1館から全国上映へ。『侍タイムスリッパー』監督とキャストが語る、高みを目指した撮影現場
8月に池袋シネマ・ロサで封切られ、口コミで人気が広がり全国上映にまで拡大した自主映画、『侍タイムスリッパー』。幕末の侍が現代の時代劇撮影所にタイムスリップし、「斬られ役」として名を馳せていく物語を描いた痛快なチャンバラ活劇だ。 【画像】『侍タイムスリッパー』より たった1館の上映から全国に広がっていく様子は『カメラを止めるな!』の再来ともいわれるが、製作陣はどう受け止めているのだろう。 監督・脚本・撮影・編集などを務めた安田淳一、物語のキーパーソンである風見恭一郎役の冨家ノリマサ、ヒロイン・山本優子役の沙倉ゆうの、愛嬌のある役柄・錦京太郎を演じた田村ツトムが集結。和気あいあいとしながらも、脚本の力を信じ、皆が高みを目指したという撮影現場について、たっぷり語ってもらった。

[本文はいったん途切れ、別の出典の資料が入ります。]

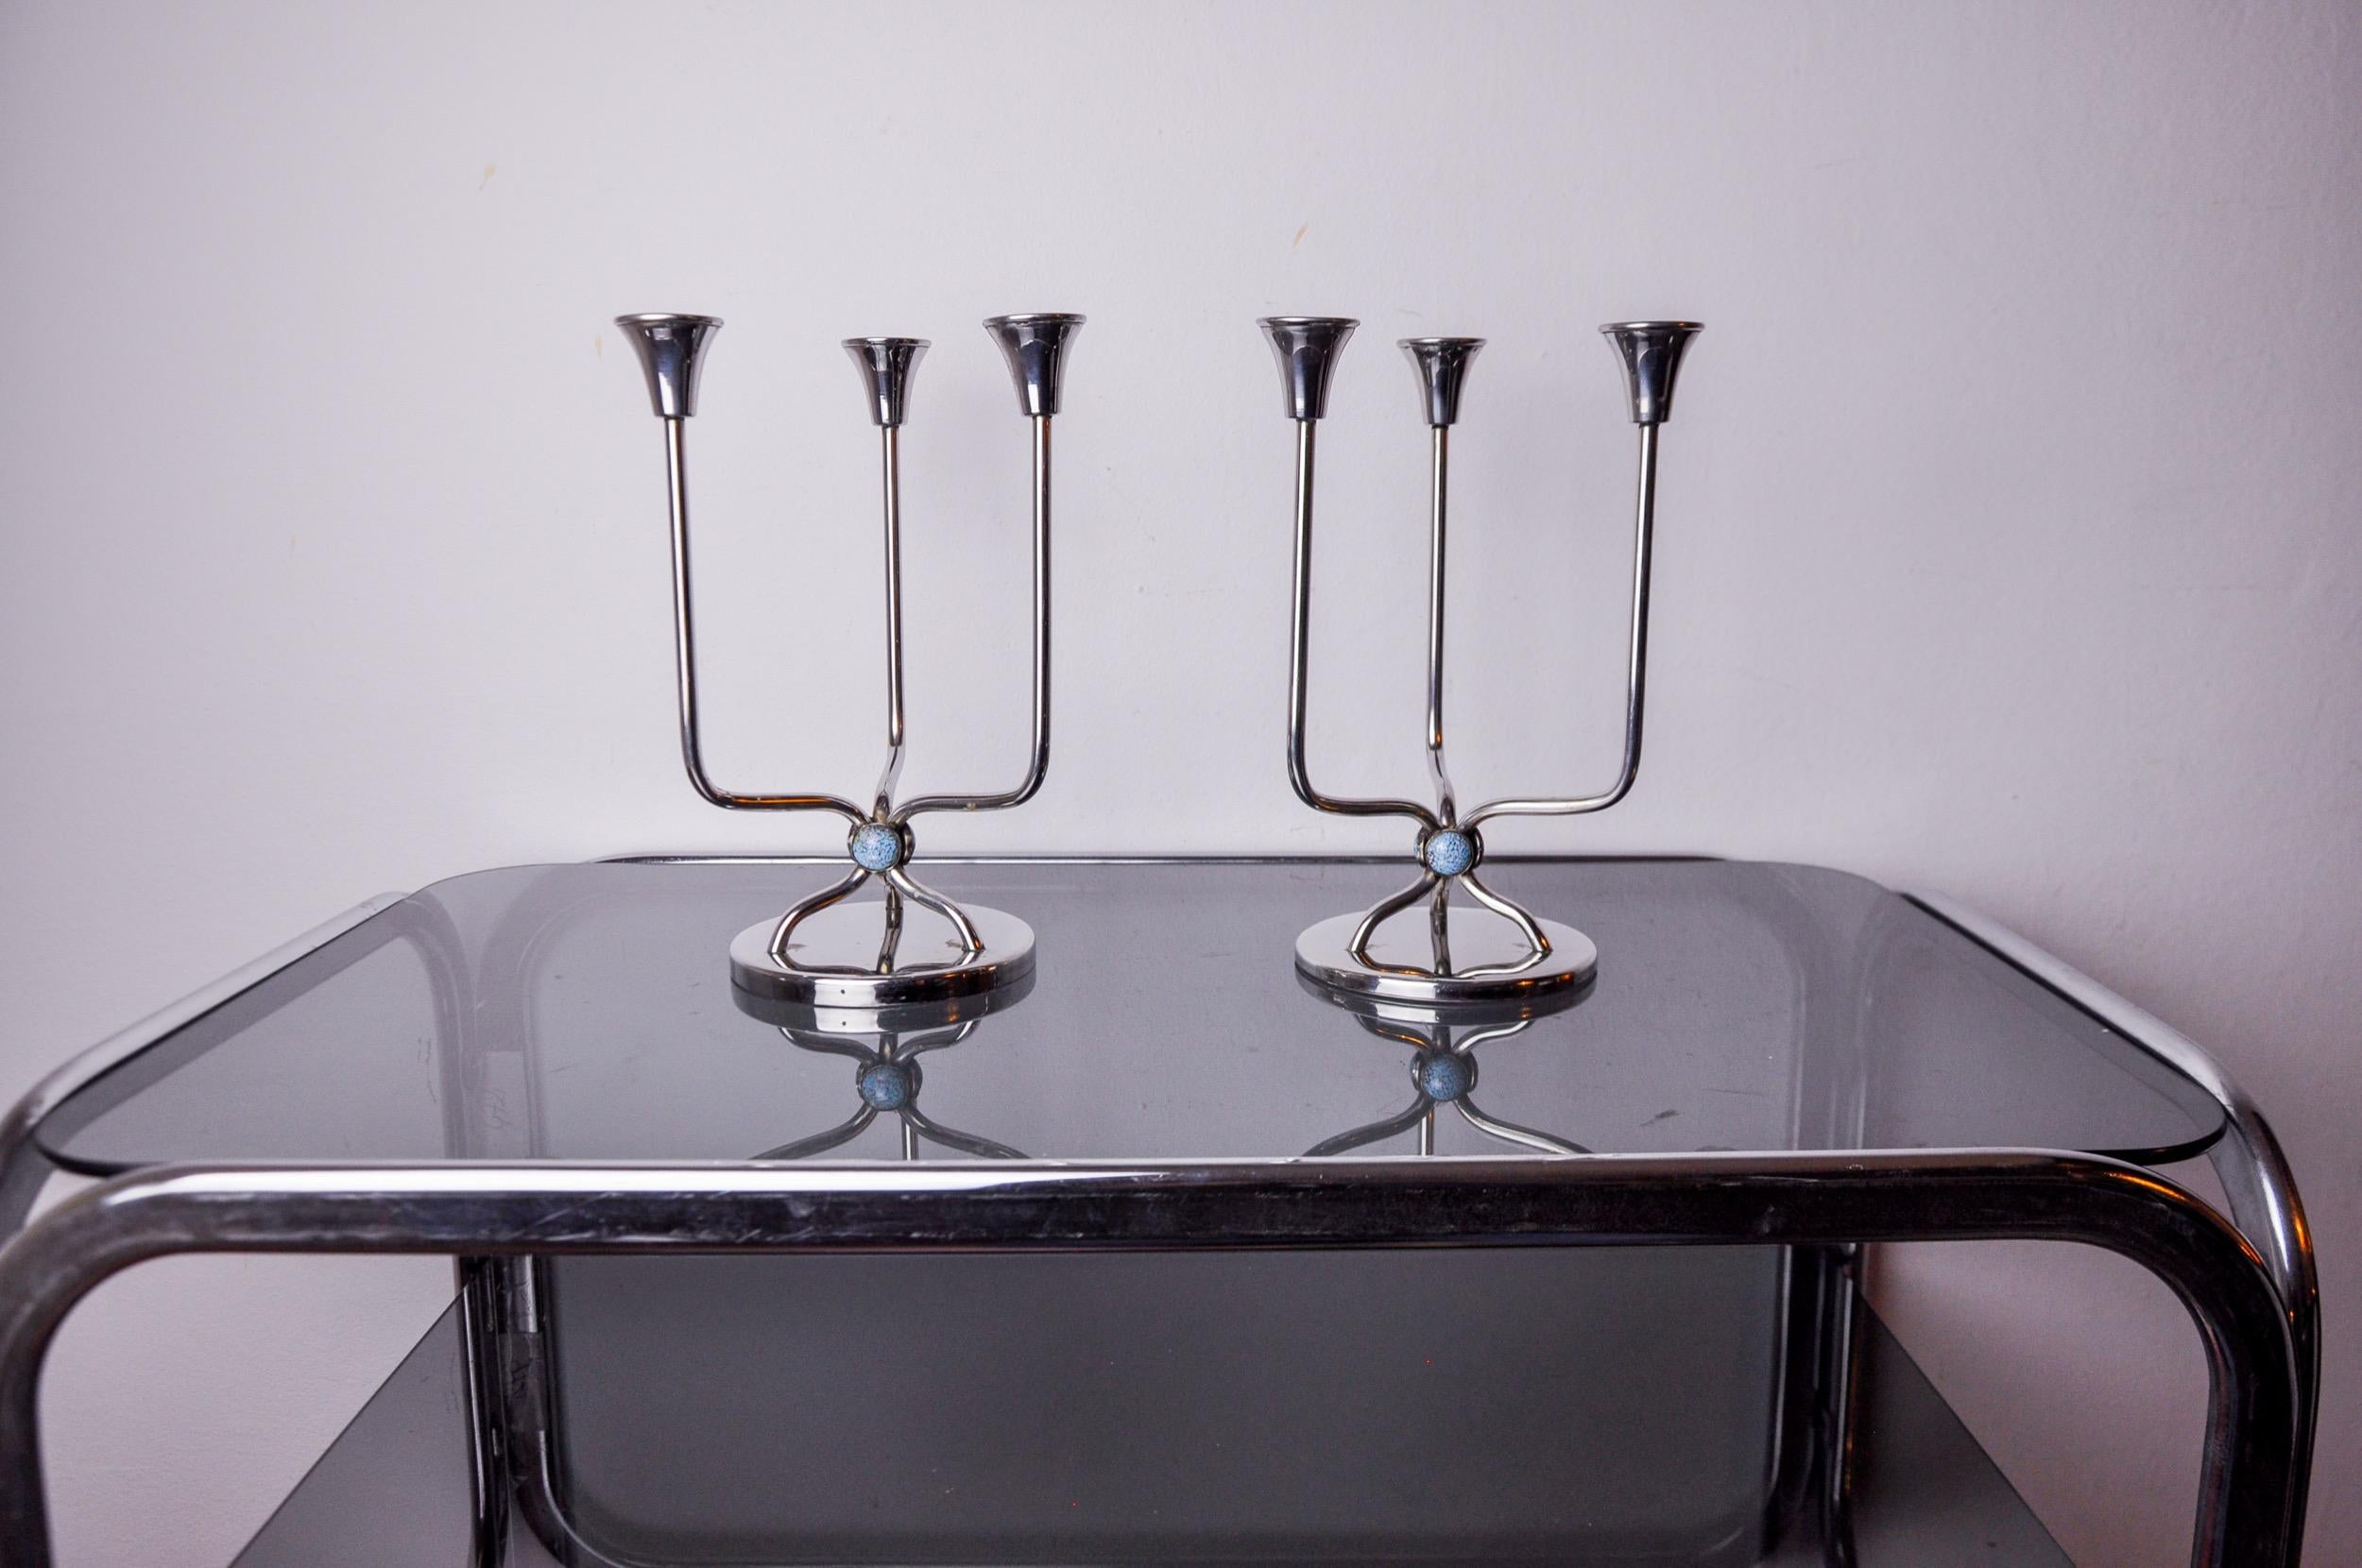 Superb pair of art deco candlesticks in stainless steel designed and produced in spain in the 1970s. Structure in stainless steel 18/8 that can accommodate 3 candles decorated with blue stones. Superb design object that will decorate your interior

幕末からタイムスリップした侍が「斬られ役」に。ノスタルジックな描写も多い『侍タイムスリッパー』
―1館のみの上映だったのが、いまでは全国251館以上での上映にまで拡大中と勢いは止まることを知りません。この快挙は映画製作に携わる人々に大きな夢を与えたと思いますが、皆さんはどのように受け止めていますか? 安田淳一監督(以下、安田):まだ実感がないですね。毎日いろんな業務に追われ続けているということもあり。 沙倉ゆうの(以下、沙倉):私もあんまり実感はないんですけど、テレビで取り上げられたときにまわりの人から見たよって言われると広がってるんだなと感じます。 田村ツトム(以下、田村):SNSでも皆さん感想をすごくたくさんあげてくれてますもんね。 冨家ノリマサ(以下、冨家):本当に嬉しいですよね。撮影中は上映されるかさえ決まっていなかったので、(主演の山口)馬木也と「これってどこで上映されるのかな」と話していたくらいなので。でもつくりながら「絶対面白い作品ができる」っていう手応えはあった。それがこれだけ広がるなんて、夢を見てるみたい。なるべくこの夢を長いこと見ていたいです。 安田:僕も「明日起きたら夢やったんちゃうかな」って思うときありますもん(笑)。 ―監督は劇場でお見送りもされていますが、そのときのお客さんの反応はいかがですか? 安田:皆さんすごく満足そうな顔で劇場を出られるので、「喜んでもらっているんだな」とそこで感じますね。リピーターのお客さんも結構いますし、以前1人で来られた方が親や家族を連れて来てくれるというのも多いですよ。 ―劇場が爆笑に包まれたり、自然と拍手が起きたりと、この映画はどこか懐かしい劇場体験を味わわせてくれます。親世代を連れて一緒に観たいという気持ちはわかりますね。 安田:客席丸ごとタイムスリップしている感じがありますよね。実際ノスタルジックな描写も多いですし。たとえば、剣心会を受けたときに「すべった」「落ちた」と言ったらいけないというくだりは昔のテレビで100回くらい見たことがありますが、それをこの後に及んでやってみたことが、いまのお客さんにとっては逆に新鮮に感じたのかもしれません。 ―この映画の広がりを見ると口コミのパワーをあらためて感じますよね。完全に観客を味方につけた作品かと思いますが、これほど観た人に愛される理由は何だと思いますか? 沙倉:キャラクターがそれぞれ可愛らしくて、愛着が持てるところが大きいと思いますね。だからみんな安心して感情を委ねられるし、応援できるのかなと。 安田:その最たるキャラクターが心配無用ノ介(錦京太郎)やね。それほど登場時間が長くないのに、ファンアートをつくってもらったりとすっかり愛されてる。それで演じる本人も調子に乗ってるけど(笑)。 田村:そんな目で見てたんですか!? いいでしょ調子に乗っても! 一堂:(笑) 冨家:監督がどの役にも愛を持ってカメラを向けていたから、それがお客さんにも伝わっているんだと思います。主役だろうが脇役だろうが画面に映る人にはちゃんと光を当てられているということを、僕も撮影中に感じていたので。そういう監督の愛情やこだわりが画面を通じて出ているんだなと。